LIDIA YUKNAVITCH takes risks! She is anything but boring. If I were writing this article on a wall, I would write "Lidia Yuknavitch starts shit," and mean it in a very positive way. With her 2012 Oregon Book Award-winning Chronology of Water, Yuknavitch held firm that her book was an anti-memoir—a novel written about her life, but with kid gloves off. She invited dissection on a lit-theory level and insisted her book could take it.

If you've read Chronology, it's impossible to ignore the ways Yuknavitch's new novel, The Small Backs of Children (in bookstores July 7), also seems to cull from her personal history. The book's central character, a writer, is a Yuknavitch mask—a woman traumatized by giving birth to a stillborn child, and mother to a young son. Yuknavitch's cast of characters are not named but labeled: painter, poet, filmmaker, performance artist, and so on. Novel characters often serve as stand-ins for the author, so this lack of characterization works. Yuknavitch's figures hover around the unconscious writer's bedside, and work solely to speed her recovery. Each functions as a device to allow Yuknavitch new powers of textual arrangement. The novel jumps from prose to play to poem and does so with control.

Yuknavitch's writing style works in absolutes and blanket statements like large swaths of color on a canvas. There were moments where mentions of Jim Morrison or Balvenie scotch almost ejected me from the book altogether, but I stayed with it and realized Yuknavitch wasn't saying clichéd things just to seem cool. She was saying them to be bare and vulnerable and known, like crying in front of a friend for the first time. I do not agree with many of the things this book does. That said, the fact that I am seeking to distance myself from a novel in the midst of a review speaks to the incredible force of Small Backs—it really comes at you.

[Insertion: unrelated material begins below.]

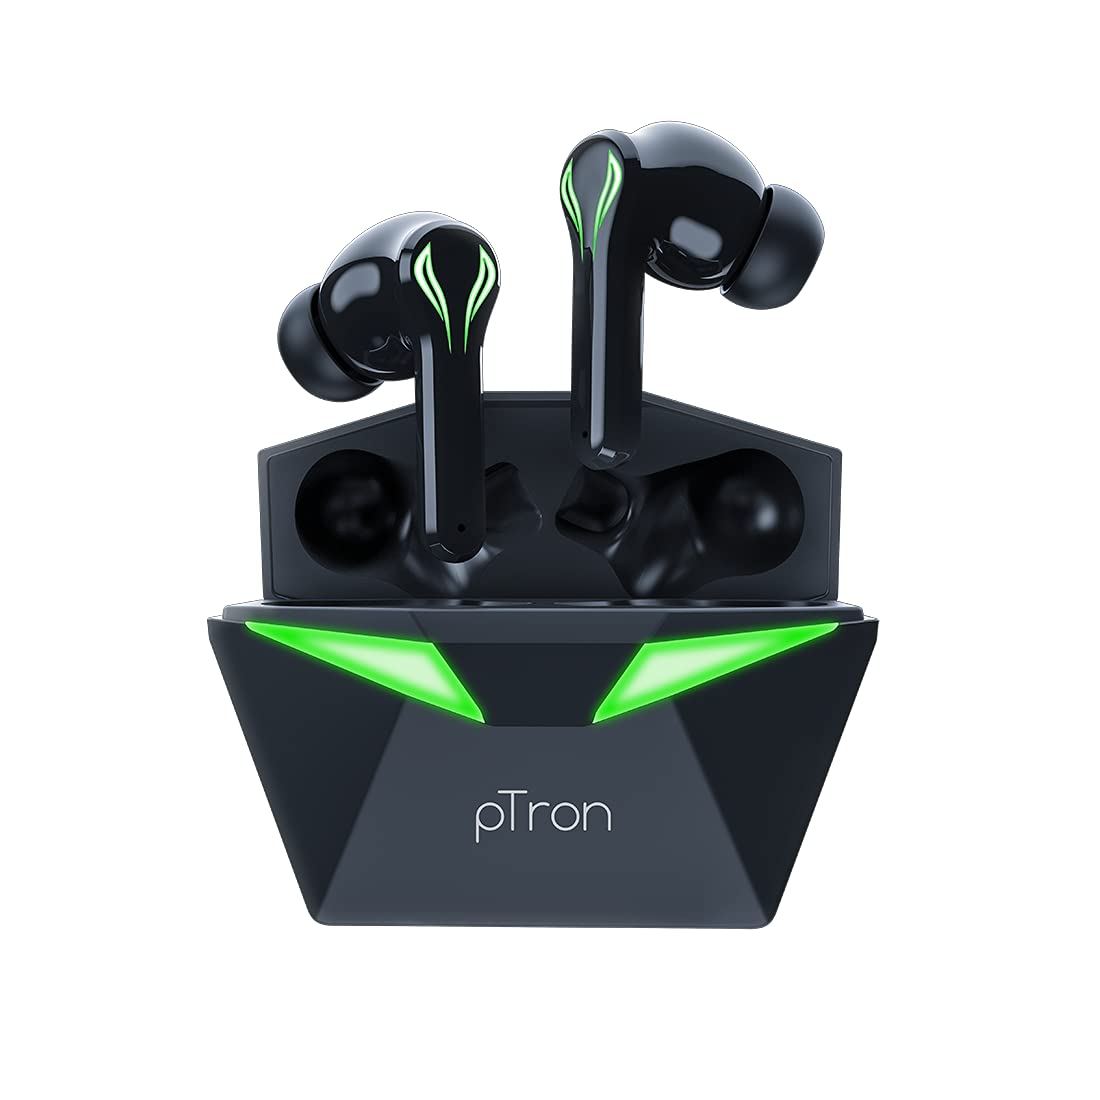 Amazon Deal: 1300 रुपये का pTron ब्रांड का कार फोन चार्जर खरीदें सिर्फ 349 रुपये में, एमेजॉन पर pTron के एक्सेसरीज की एक्सक्लूसिव डील

Some people will take this book as gospel. Some are going to freak out. Small Backs contains depictions of child sexual abuse handled with the stoniness of a survivor who realizes not just how awful it is but also that people should have license to survive in different ways. There are some very grim things in this novel, but if you ask me to follow Yuknavitch's plume into a raw, experimental work, I gladly will.